Fort Lauderdale resident Phoenix Niewidok, the owner of denim line Skirtzophrenic, says her family has developed strategies to avoid the stress. She did not grow up in a religious family, but her husband, Tom, comes from a Catholic family.

A fundamental way of coping is avoiding crowded airports, delays and bad weather associated with holiday travel. She and Tom visited their married daughter, also named Phoenix, in Indianapolis over Halloween, and her 77-year-old mother, Zaza, came from Philadelphia to Fort Lauderdale the second week of November. If train tickets aren’t too expensive, Zaza will visit her 95-year-old boyfriend in Connecticut for Christmas.

“We don’t do things like normal people,” Niewidok says. “We make it up ourselves.”

Still, Tom’s family will be gathering in Fort Lauderdale for a traditional celebration. “I don’t like forced gatherings, and I’m obligated to go,” Niewidok says. “I take it in stride. It’s about sharing the love.”

The Insider

News & notes connected to South Florida’s health, wellness and medical worlds

 

You Break It, You Make It: Holidays got you stressed? Now is the time to take a break … and break stuff, says Ricky Ballester, co-founder of Wreck It, located in the Oakland Park Arts District. The team will give you all the components you’ll need for your own disaster area: protective headgear that Darth Vader would envy, one-piece coveralls, baseball bats, golf clubs and lots of things to bash—wine bottles, amplifiers, old TVs. 

“People come in with serious issues,” says Ricky’s sister, Karina, who drives around town to find destroyable things. “It’s a safe judgment-free zone. You leave everything here in this room.”

Afterward, customers are welcome to pick items from the refuge to make art on another day. On one wall hangs a happy face made of shards of plastic and wires. “People are like, ‘I feel so much better. I released everything.’” By appointment only. (wreckitftlaudy.com)
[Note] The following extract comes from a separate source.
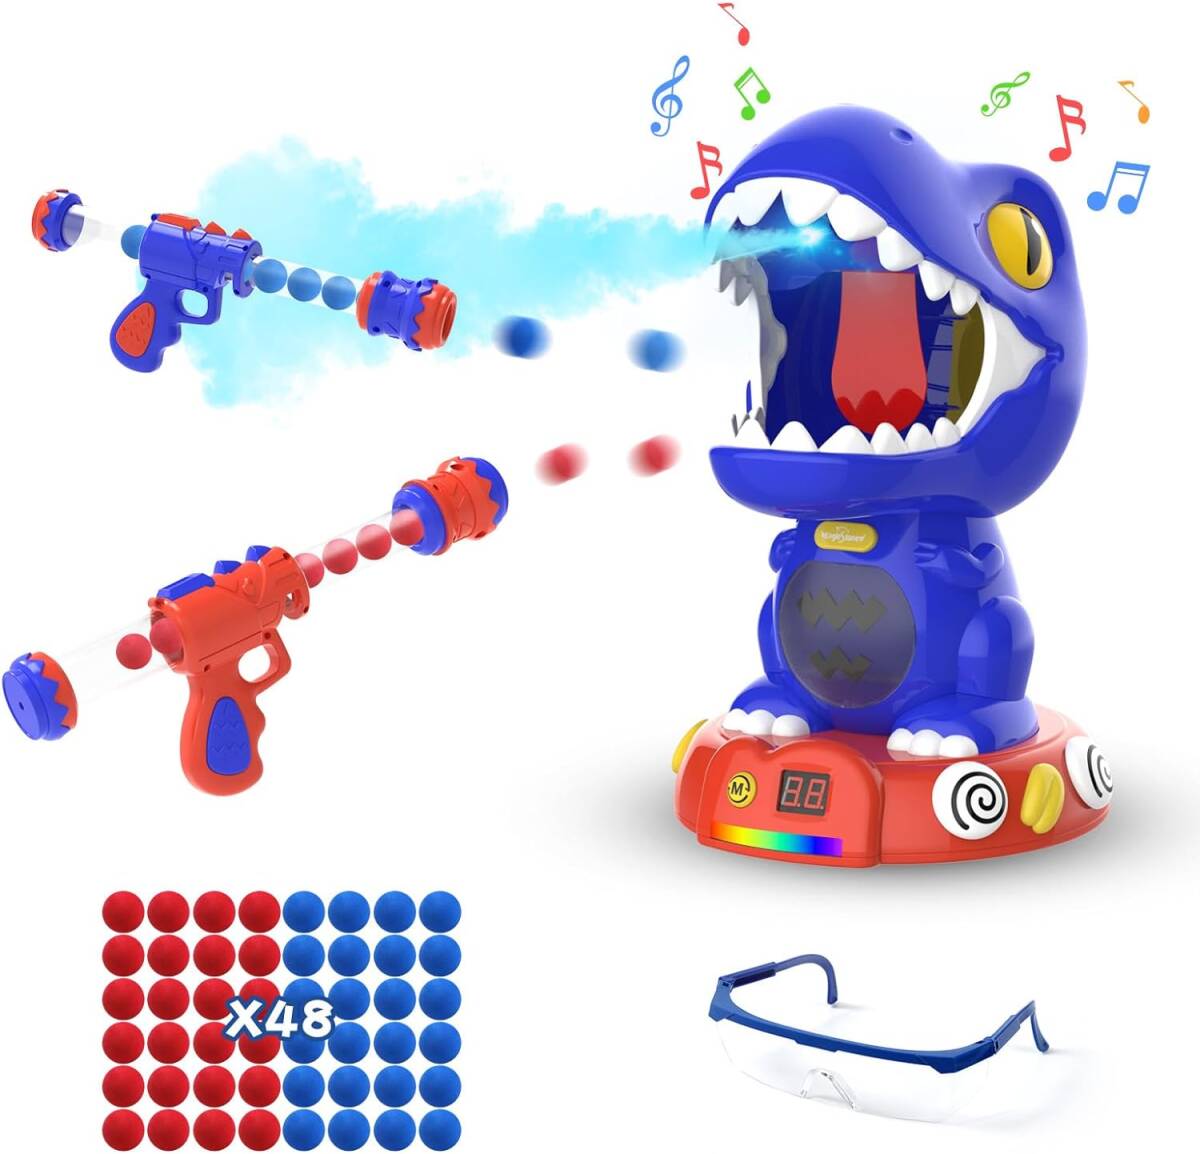 ブルー おもちゃ 的あて 男の子 恐竜 ポッパーガン シューティング EagleStone 室内ゲーム 移動射撃ターゲット 噴霧

Flu Season: The Florida Department of Health is reminding all Floridians to get a flu shot. Last year’s record-breaking flu season resulted in 900,000 hospital visits and 80,000 deaths in the United States, according to the Centers for Disease Control and Prevention.

Expanded Health Care in Weston: Cleveland Clinic Florida has added a $232 million, five-story, 221,000-square-foot addition to the Weston campus to increase capacity by 50 percent. The emergency services department will be able to accommodate more than 70,000 patients a year. “We deliver rapid, expert care for patients experiencing all manner of medical emergencies, including stroke, heart attack and sepsis. This expansion allows us to save more lives and preserve quality of life for more patients,” says physician James Roach, chairman of Cleveland Clinic Florida’s emergency services department. U.S. News & World Report has ranked Cleveland Clinic Florida the No. 1 hospital in the Miami-Fort Lauderdale area.